Q. Le, M. Ranzato, R. Monga, M. Devin, K. Chen, G. Corrado, J. Dean and A. Ng. Building high-level features using large scale unsupervised learning, ICML, 2012.

And additionally:

B. Russell, A. Efros, J. Sivic, B. Freeman, A. Zisserman. Using Multiple Segmentations to Discover Objects and their Extent in Image Collections, CVPR, 2006.

Y. Lee and K. Grauman. Object-Graphs for Context-Aware Visual Category Discovery, CVPR, 2010.

21 comments:

UnknownApril 5, 2015 at 6:20 PM
Regarding "the cat paper". (Q. Le). As far as I understand, the main contribution of this paper was to demonstrate a deep auto-encoder on a much greater scale than previous attempts (parameters, dataset, cluster). This was done through Le's distributed asynchronous SGD on the Google network.

They managed to learn pretty convincing deep features and show improvement over random classifiers and shallower architectures.

Some points to discuss:
-This is one of the main unsupervised deep learning papers, but it discovers only 3 classes (faces, cats, bodies)
-There is only slight improvement on image-net when fine-tuning on top of their network? I guess it is enough to show that it works..
-It is not immediately clear to me why they did not use convolutional layers?
-Is there a motivation for only looking at single neurons in isolation? Why is there not chosen the best combination of neurons to detect a face?
-Did they not look at fixing the lower layers and only fine-tuning the logistic classifiers? It looks like their fine-tuning methods considers the network and logistic classifiers separately.
ReplyDelete
Replies
UnknownApril 5, 2015 at 6:27 PM
Also, a link to Russell's paper if anyone is interested (other was broken for me at least): http://www.robots.ox.ac.uk/~vgg/publications/2006/Russell06/russell06.pdf
ReplyDelete
Replies
UnknownApril 5, 2015 at 7:22 PM
I also read the “cat paper” (Building high-level features using large scale unsupervised learning). This paper presents a model for learning class specific high-level features in an unsupervised fashion. As pointed out already by Gunnar, the main contribution of the paper seems tone to show a sparse deep encoder using local receptive fields on a truly large-scale unlabeled data. They have shown convincing results on 3 categories and considerable improvements over state-of-the-art in unsupervised methods.

Regarding Gunnar’s point about not using Conv layers: I think the author’s justification to do that to allow greater invariances by not sharing parameters across different location of image (as in conv layers) does seem plausible to me. However, I too have my concerns about the scalability of the method to other object categories.
ReplyDelete
Replies
LerrelApril 5, 2015 at 8:36 PM
The paper on unsupervised learning of faces is an interesting paper that brings out a lot of questions.
Firstly how good is this method in learning stuff that isn't too frequently occurring. For e.g. cars is a frequent thing in videos,... although not as much as cats.

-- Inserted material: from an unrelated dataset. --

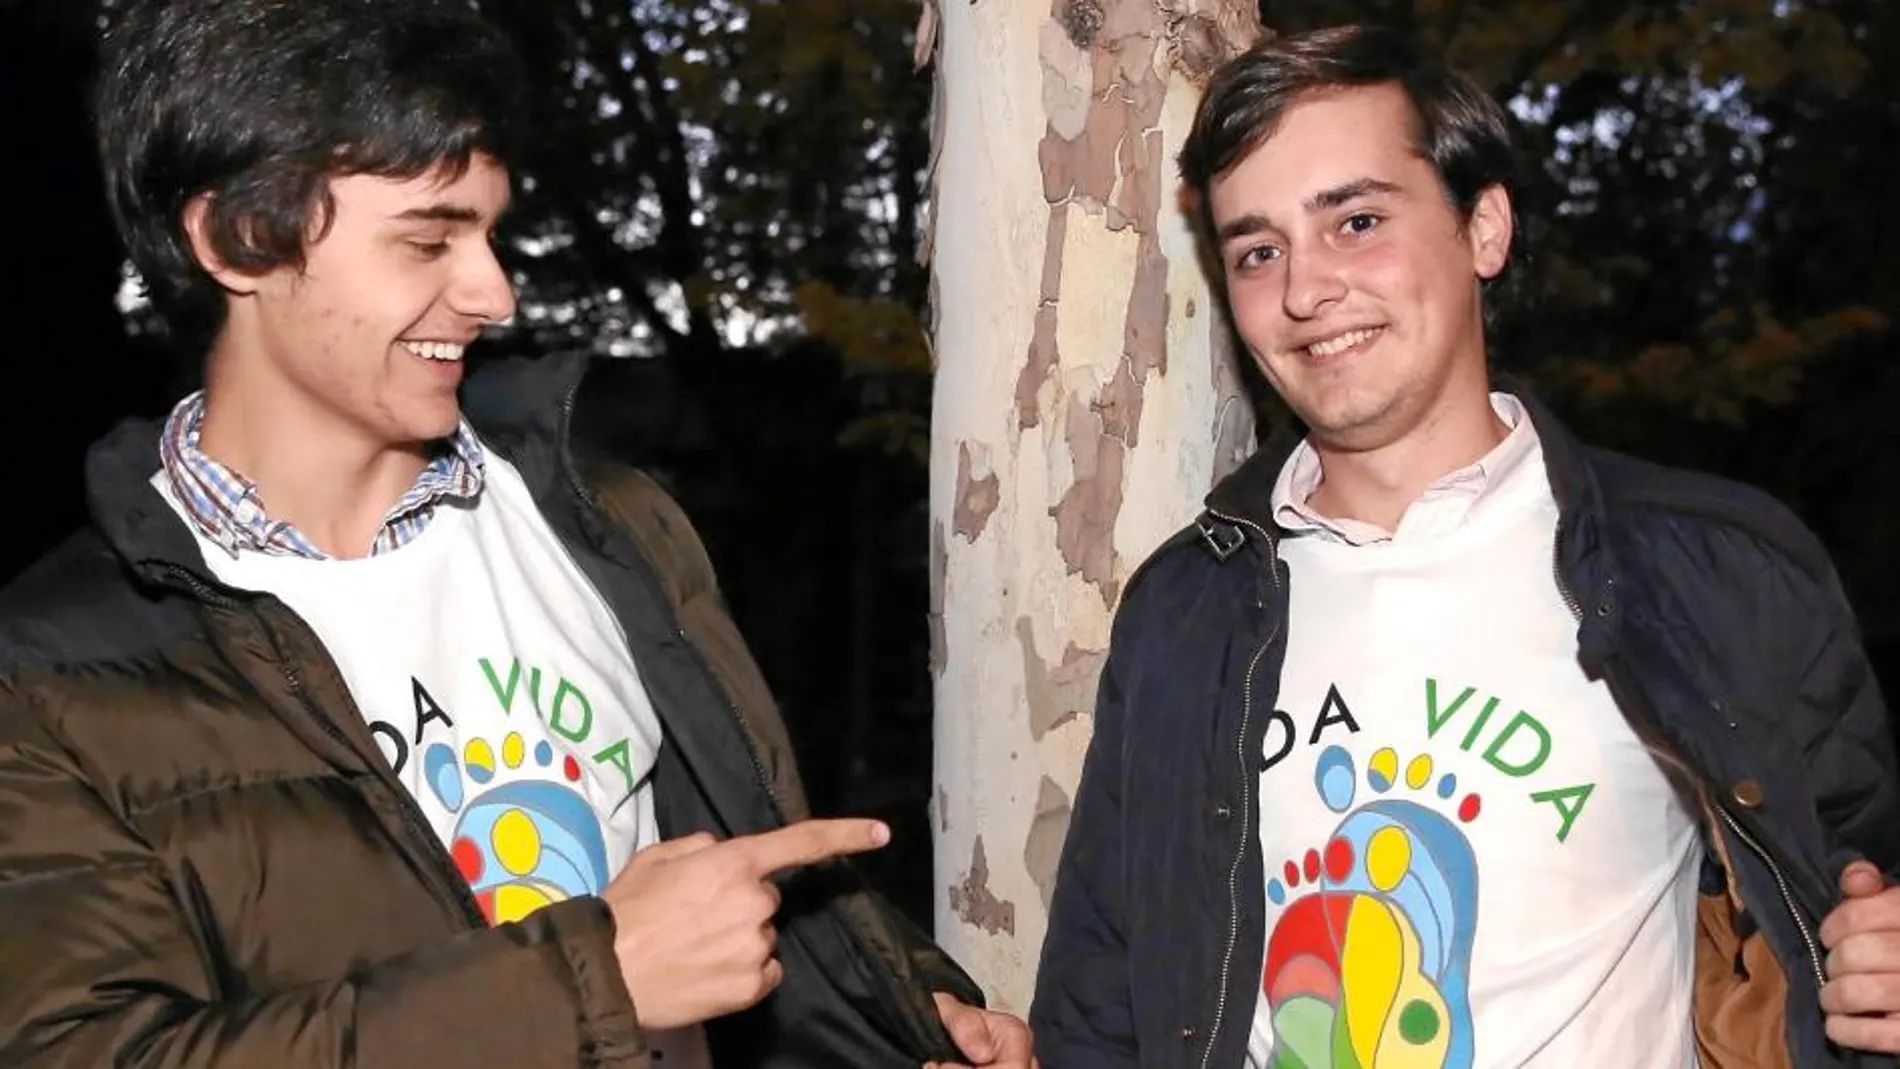 Duarte Falcó y Álvaro Ortega, fundadores de la asociación Más Vida, con las camisetas de la protesta
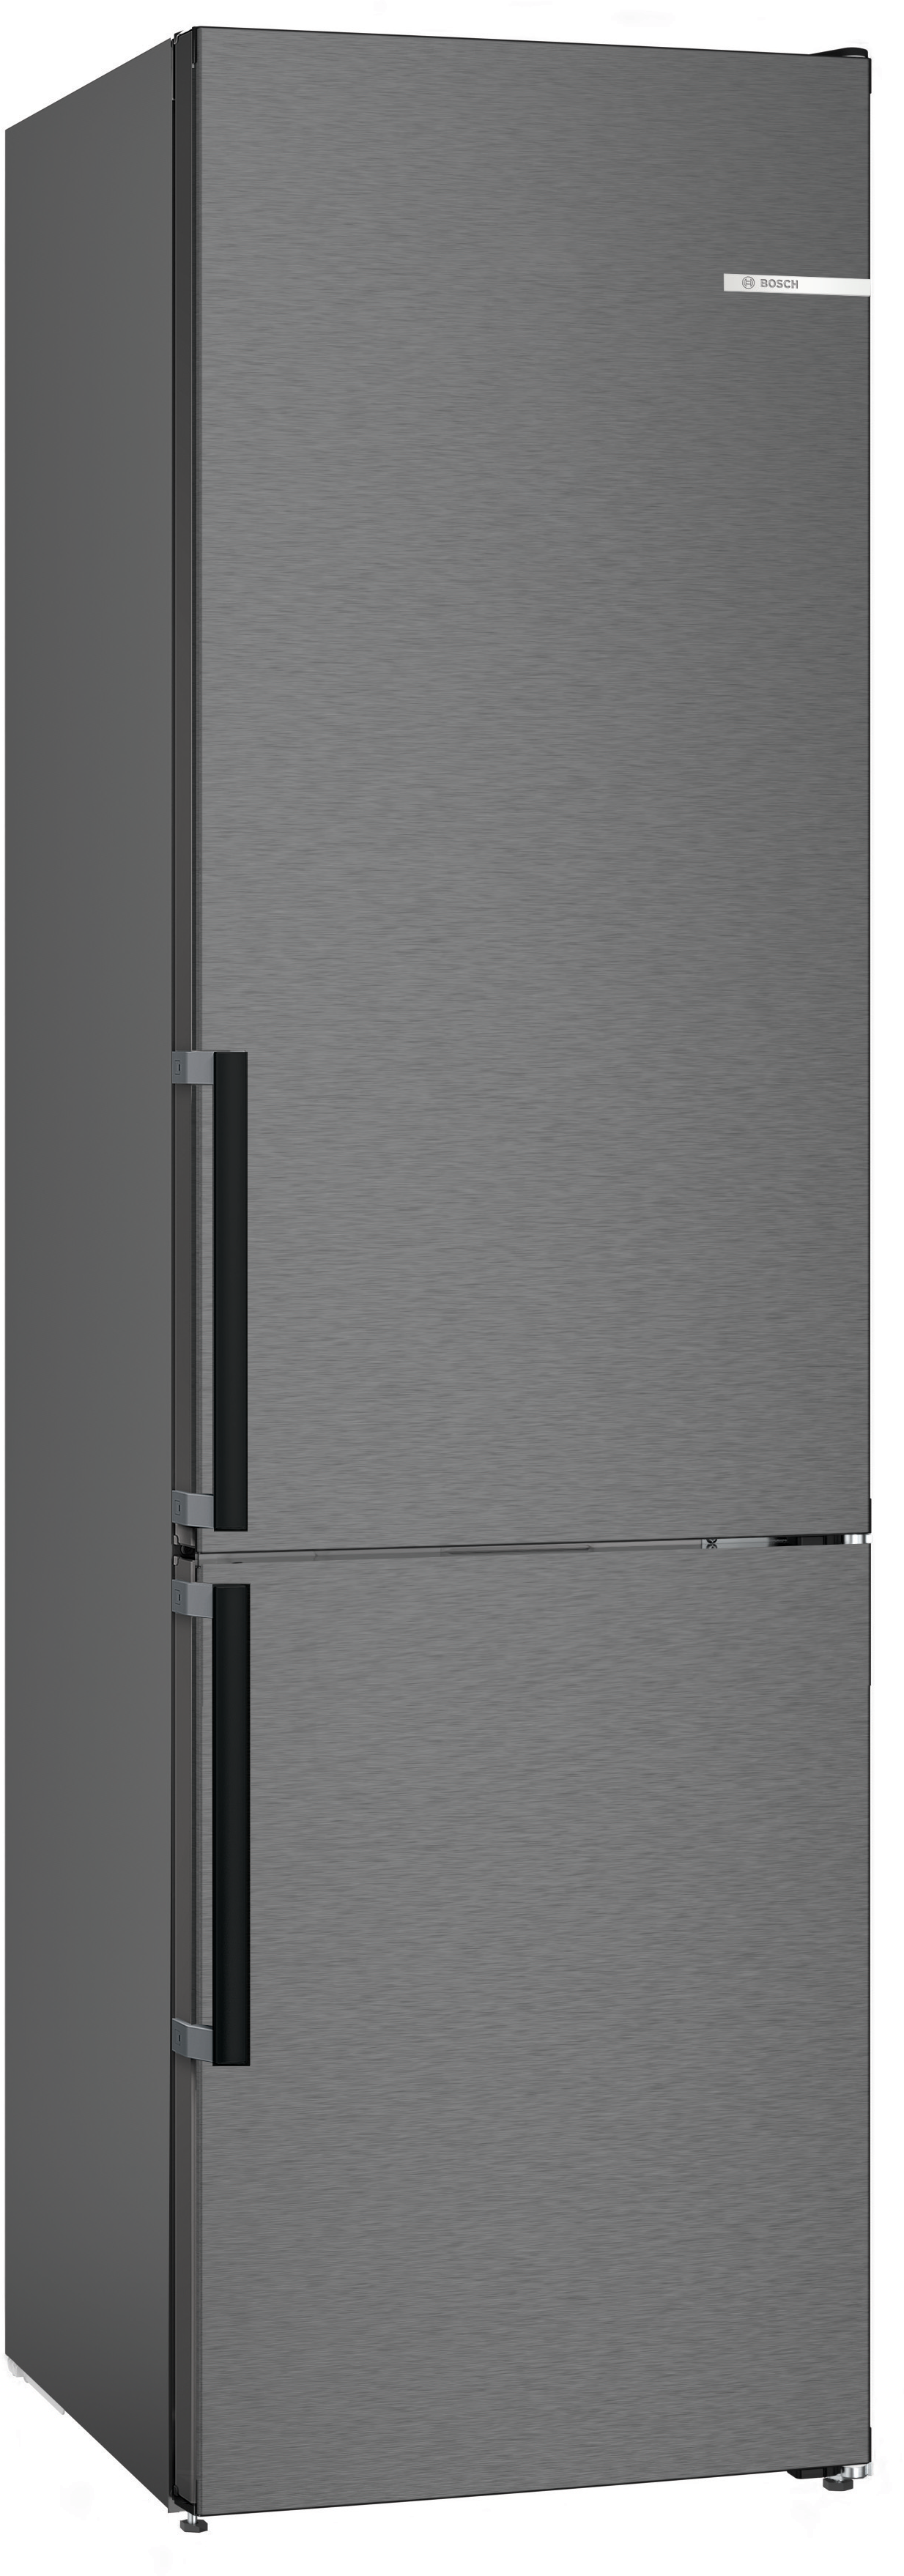 Kombinovani frižider sa zamrzivačem KGN39VXCT Serie 4, XXL

So how well would this perform on cars.
Would this have performed better if conv layers were used along with a deeper architecture (such that the number of parameters remain the same).
ReplyDelete
Replies
Karanhaar SinghApril 5, 2015 at 8:45 PM
The paper “Building High-level Features Using Large Scale Unsupervised Learning” discusses a very interesting approach on developing object detectors using only unlabeled data with a deep-learning approach. The authors acknowledge that training deep learning algorithms can be very time intensive. To handle this issue, the authors utilize asynchronous gradient descent to exploit data-parallelism on a cluster consisting of 1000 nodes with 16000 cores. Experimental results show that the authors were able to train a feature that is selective of faces in a translation and out-of-plane rotation-invariant manner. It would be interesting to see how fast the network would train if we utilized fewer nodes (say on the order of tens) but with each node sporting a GPU to run its respective portion of training. This solution could possibly reduce the resource cost while still enabling fast training.
ReplyDelete
Replies
UnknownApril 5, 2015 at 9:27 PM
The Quoc V. Le paper introduces an extremely huge model and learns it unsupervisedly. For the classification result it is much worse than the Alexnet actually, but it came out before Alexnet.
ReplyDelete
Replies
UnknownApril 5, 2015 at 10:44 PM
I read the "cat paper", and it is very intriguing. For a paper published in 2012, it is indeed surprising to see that high-level features can be learnt from unlabeled images. The model utilized by the authors was a autoencoder consisting of three parts: local receptive fields, L2 pooling, and contrast normalization. The model was made into a deep autoencoder by replicating those parts three times, and therefore their overall model consisted of nine layers. The local receptive fields were not convolutional; the authors argued that by not having a convolution layer, the model learned features, which were invariant to rotation and translation. The optimization problem they try to minimize is called Topographic Independent Component Analysis, and it consisted of two terms: a term that encodes important input data information, and a second term which allowed L2 pooling to group similar features.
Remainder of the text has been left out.